How much overlap exists between Annex A of ISO 27001 and Annex A of ISO 42001?
Less than the shared structure suggests. ISO 27001’s 93 controls in ISO/IEC 27001:2022 focus on information security; ISO 42001’s 38 controls focus on AI governance, lifecycle, data, and impact. The areas of genuine overlap — supplier relationships, event logging, incident management, awareness — are real but limited. Crosswalks between the two annexes typically identify a small number of controls that can be evidenced jointly and a larger number that require separate implementation.
Is the NIST AI RMF accepted as evidence in EU AI Act conformity work?
Not directly. The Act provides for presumption of conformity only where harmonised standards listed in the Official Journal are applied; the NIST AI RMF is not such a standard. But evidence produced under the AI RMF — risk management documentation, monitoring records, governance artefacts — can support EU AI Act conformity work as supporting evidence, in the same way that ISO 42001 evidence supports it. Neither framework is itself sufficient.
Will the NIST AI RMF eventually become certifiable?
There is no published intention to make it certifiable. NIST frameworks are typically guidance documents rather than certification schemes. Third-party attestation services for AI RMF alignment have begun to emerge in the US market, but these are not certifications in the ISO sense and are not equivalent to ISO 42001 certification.
How does ISO/IEC 27701 (privacy information management) fit into this picture?
ISO/IEC 27701 extends ISO 27001 with privacy-specific controls, addressing the privacy management dimensions that ISO 27001 itself does not. Organisations subject to GDPR often operate ISO 27001 and ISO 27701 together. ISO 42001 overlaps with 27701 on data governance — Annex A.7 (data for AI systems) intersects with privacy obligations — but the two address different objects. An organisation governing AI that processes personal data may operate all three (27001, 27701, 42001) in an integrated regime.

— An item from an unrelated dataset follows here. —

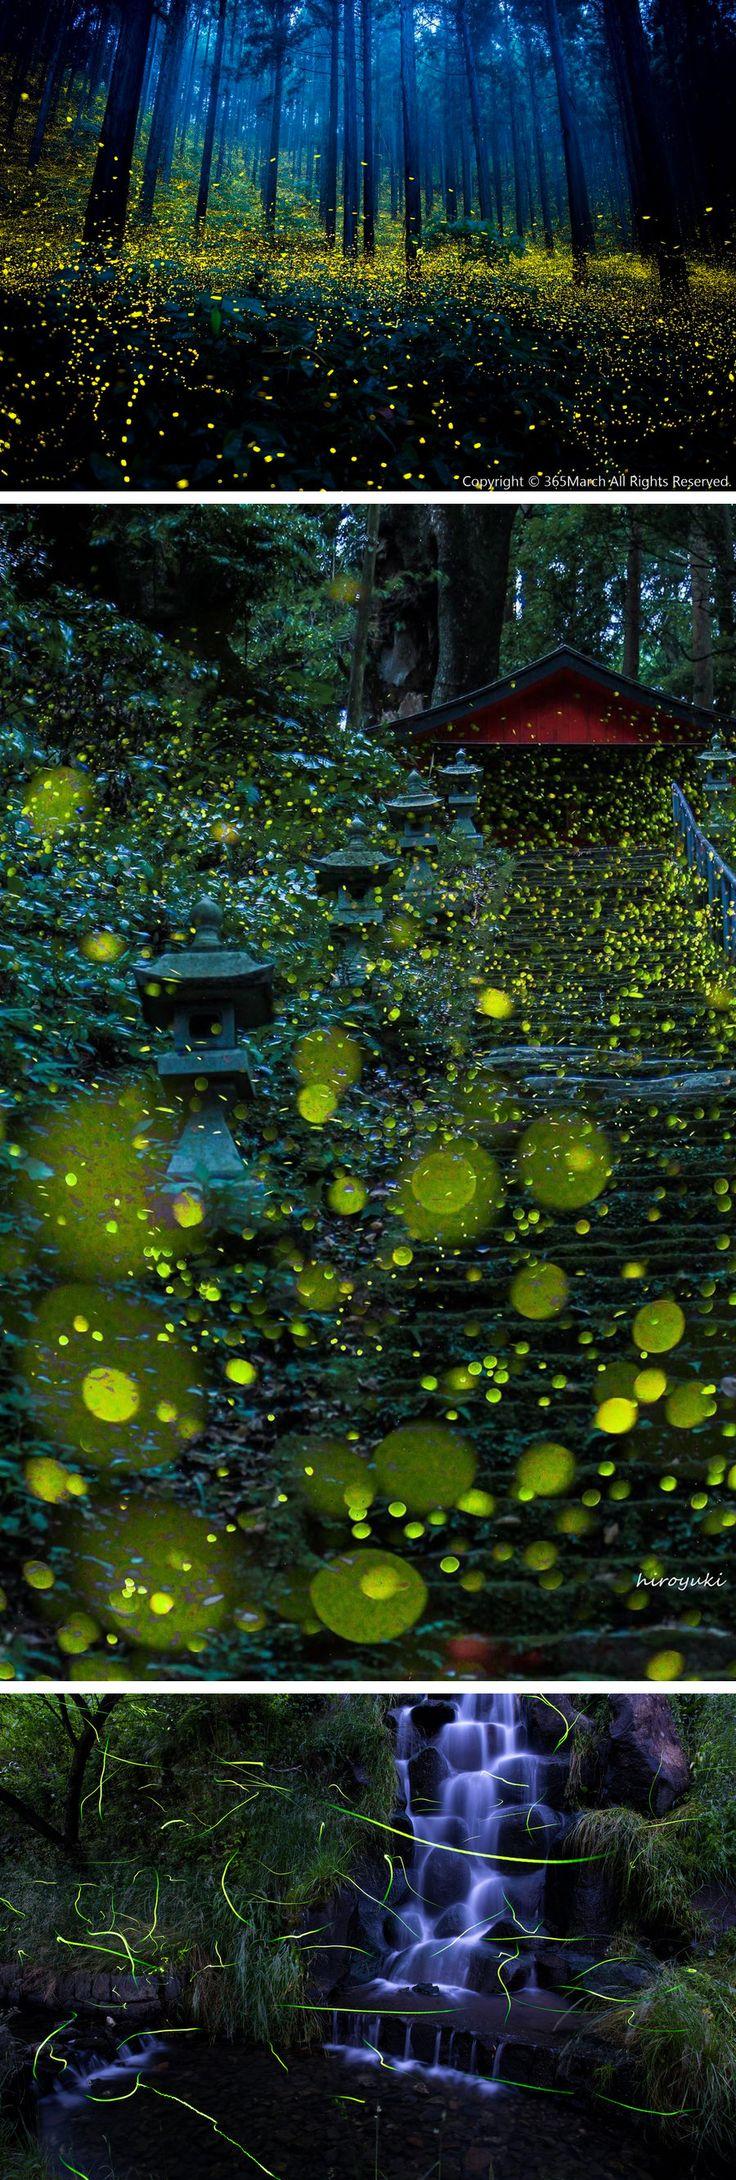 Magical Photographs of Fireflies from Japan's 2016 Summer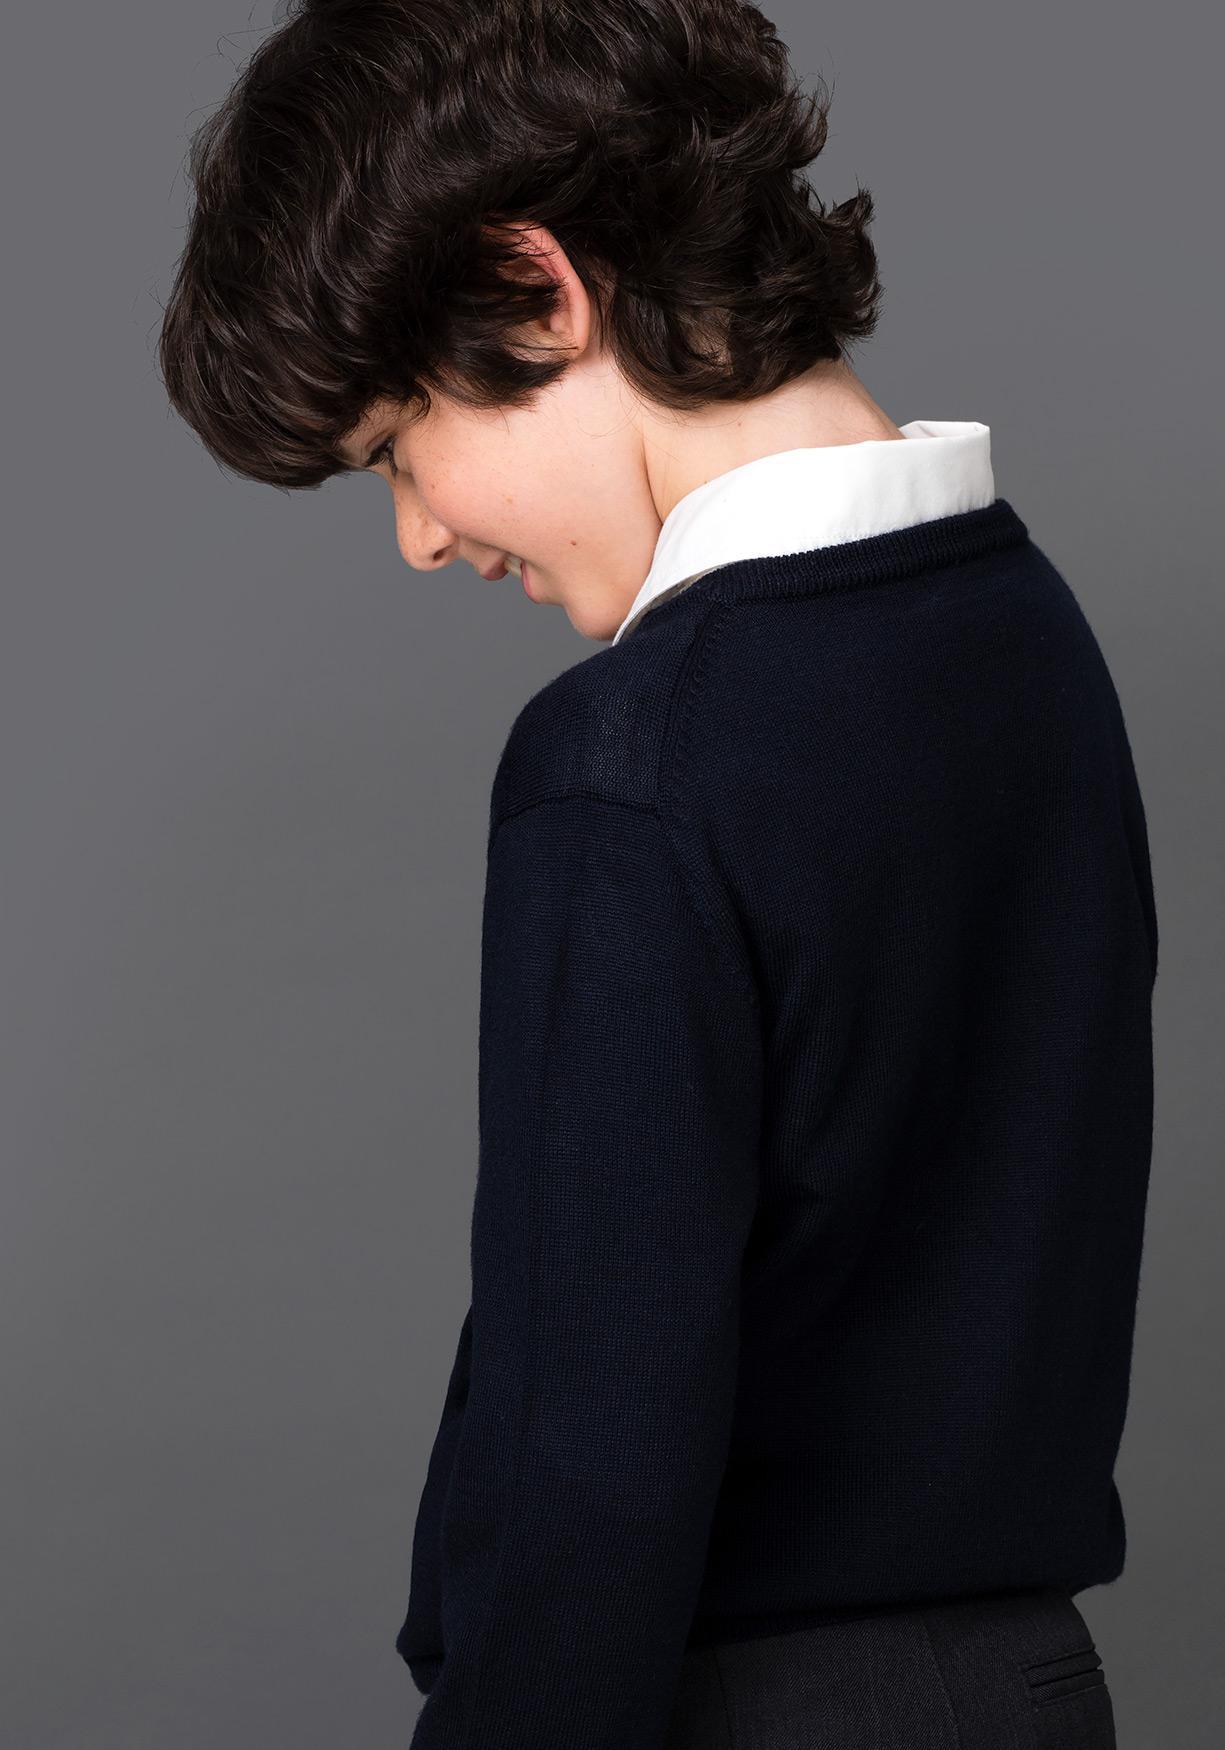 Comprar Jersey de lana unisex para uniforme (tallas 3 a 16 años) TEX ... a3f16e524bc1

Are there sector-specific AI standards I should consider alongside ISO 42001?
ISO 42001 is technology-neutral and sector-neutral. Sector-specific AI standards are emerging — for example, ISO/IEC TR 5469 (AI functional safety) and various ISO/IEC subcommittee work on AI in healthcare, automotive, and finance — but the landscape is still forming. Annex D of ISO 42001 acknowledges that sector context shapes implementation and points outward to sector-specific guidance. Organisations in regulated sectors should treat ISO 42001 as the management system layer and sector-specific guidance as the additional content layer.
Can I claim ISO 42001 conformity without certification?
Yes. An organisation can implement the Standard and claim conformity without engaging a certification body. The Standard itself does not require certification, and self-declared conformity is a legitimate position.
But self-declared conformity carries different weight in customer, partner, and regulator interactions than certified conformity. Where ISO 42001 is requested in procurement or where the AIMS is intended to support EU AI Act conformity, certification is generally expected.